Russia has used the alleged threat to Russian-speakers in Ukraine, including the faithful of the Moscow-backed church there, to argue it has the right to intervene to protect them.
Closely aligned with President Vladimir Putin on Ukraine policy, the Russian church has a partner Ukrainian Orthodox Church mostly in the Russian-speaking east of the country that is loyal to the Moscow patriarchate.
There are two rival Orthodox churches mostly in western Ukraine, both meant to be Ukrainian national churches. Neither is part of the global Orthodox communion and the patriarchs' communiqué expressed the hope they would one day join it.
MIDDLE EAST CHRISTIANS
On the Middle East, the patriarchs denounced "the lack of peace and stability, which is prompting Christians to abandon the land where our Lord Jesus Christ was born."
They demanded the release of two prominent Syrian Orthodox archbishops kidnapped near Aleppo in April 2013.

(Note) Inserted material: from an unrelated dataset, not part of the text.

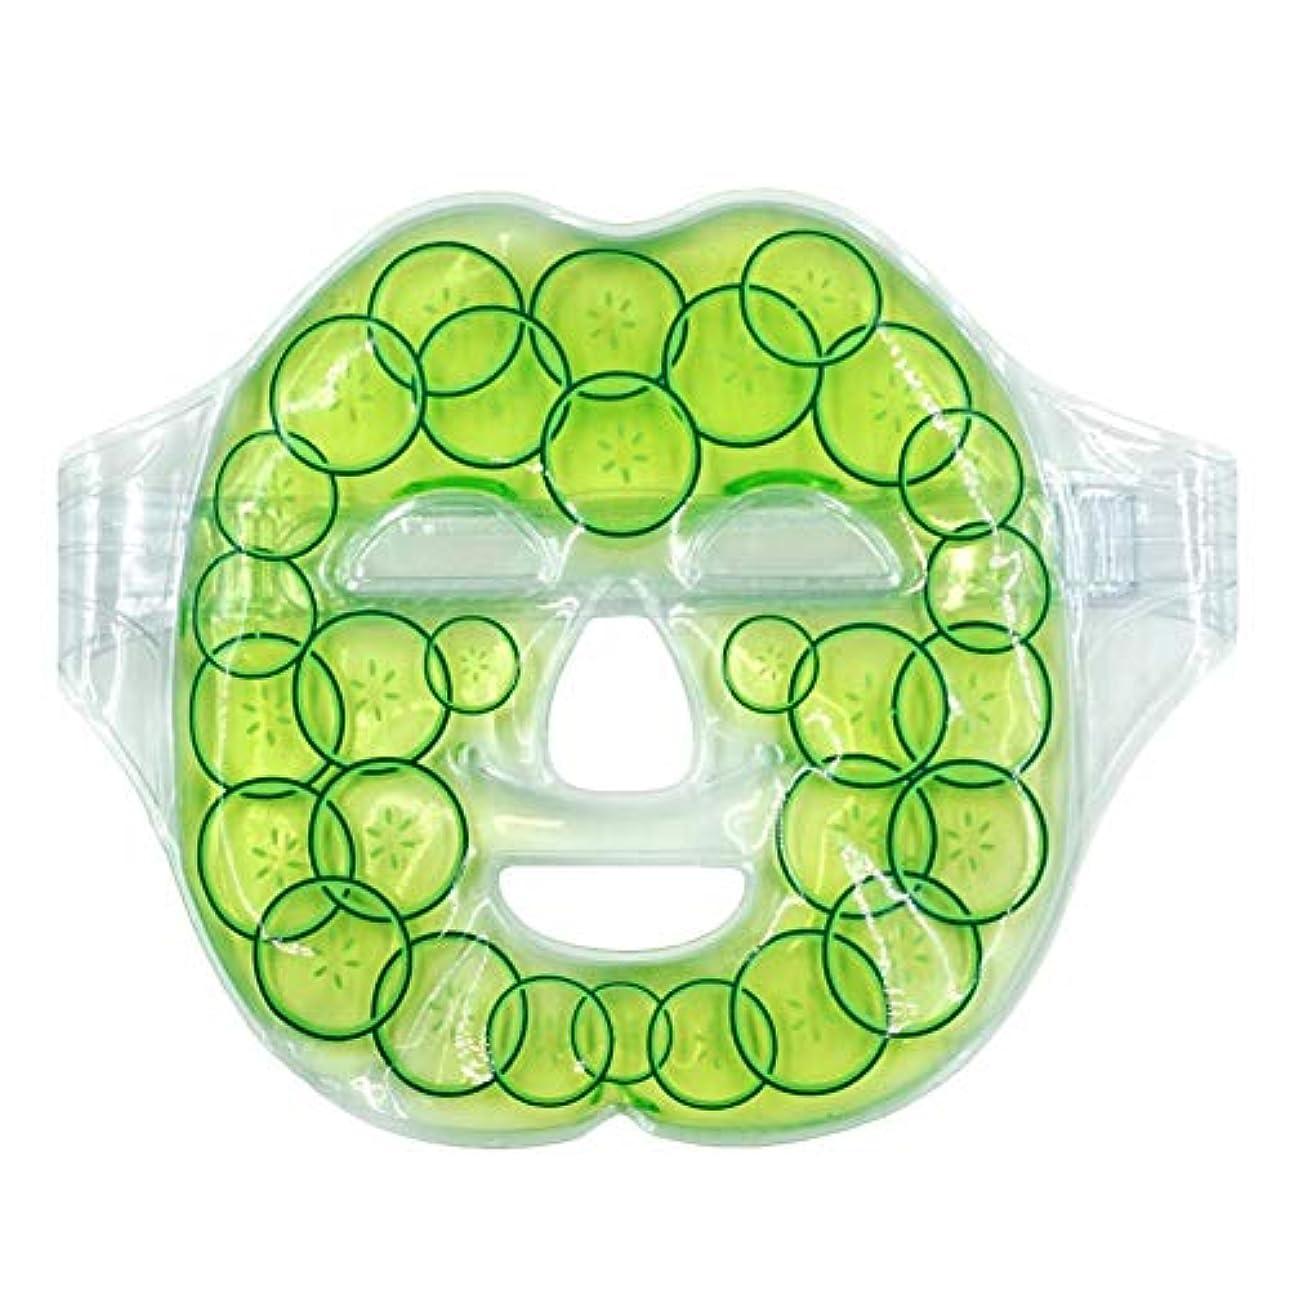 フェイスパック きゅうりパック 冷温罨法パック パックマスク 毛穴を縮める シワの予防 皮膚を締め付ける 再利用可能 junexi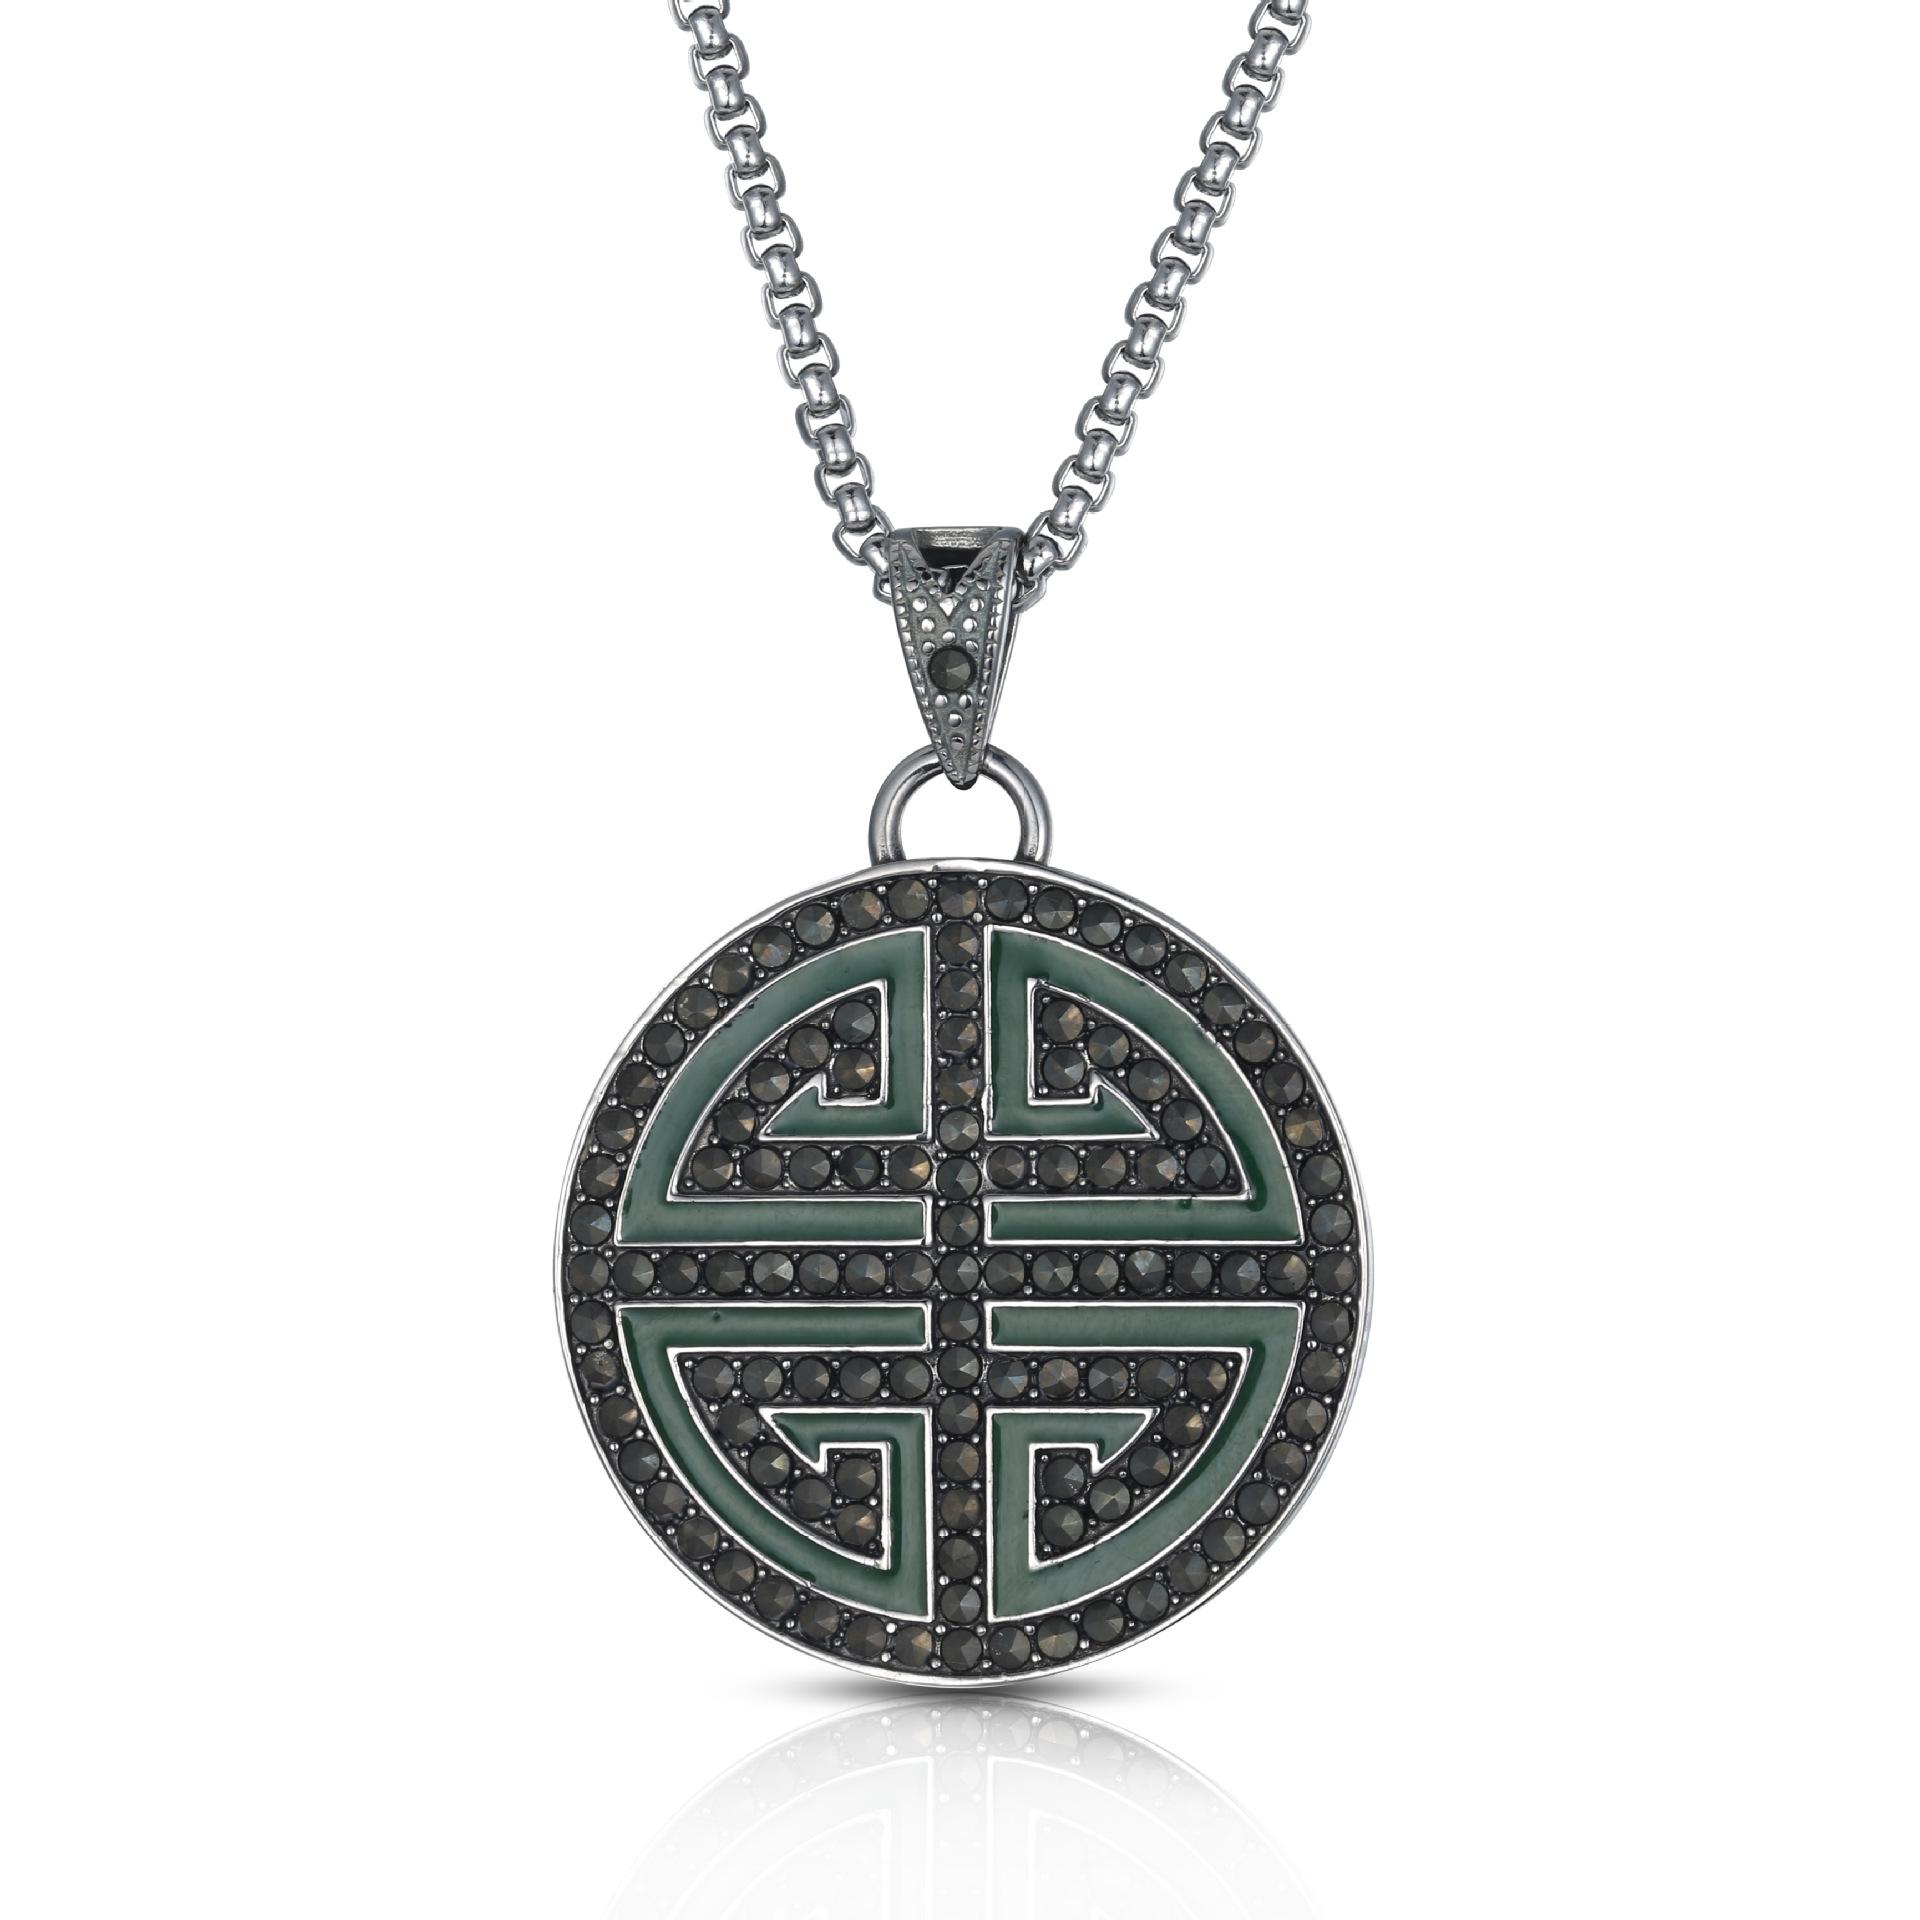 新款时尚复古中国风微镶寿字圆牌纯银锁骨项链

Unrest in the Middle East over the past decade has killed or driven out large numbers of Christians, many of them Orthodox. Christians make up about 5 percent of the region's population.
Metropolitan Hilarion, head of the Russian church's foreign relations, said before the meeting that "extremist forces (are) attacking Christians, exterminating them, kidnapping priests, bishops and nuns, destroying Christian churches and doing everything to make those who believe in Christ to leave the Middle East."
One of the main questions facing the 2016 council will be how to balance relations among the Orthodox now that the Russian church, after seven decades of subjugation under communism, has reemerged as an influential voice in world Christianity.
Ecumenical Patriarch Bartholomew, who will meet Roman Catholicism's Pope Francis in Jerusalem in May, is the senior-most Orthodox leader, but his Istanbul-based church is tiny, with none of the resources the large Russian church enjoys.
Despite the prestige of his post, he has no authority over other churches, unlike the power the pope has in Catholicism, the world's largest church with 1.2 billion members.
The communiqué stressed that all decisions at the council would be taken by consensus, a position the Russians strongly defended in preparations for the meeting.
The 2016 council will be held in Hagia Irene, a Byzantine church building in the outer courtyard of the Ottoman sultans' Topkapi Palace. Now a museum, it has not been used as a church since the Muslim conquest of Constantinople in 1453.
Orthodox Christianity links 14 independent churches, based in Eastern Europe, Russia and the Middle East. The Damascus-based church of Antioch and the Czech and Slovak church did not attend the meeting because of disputes with other churches.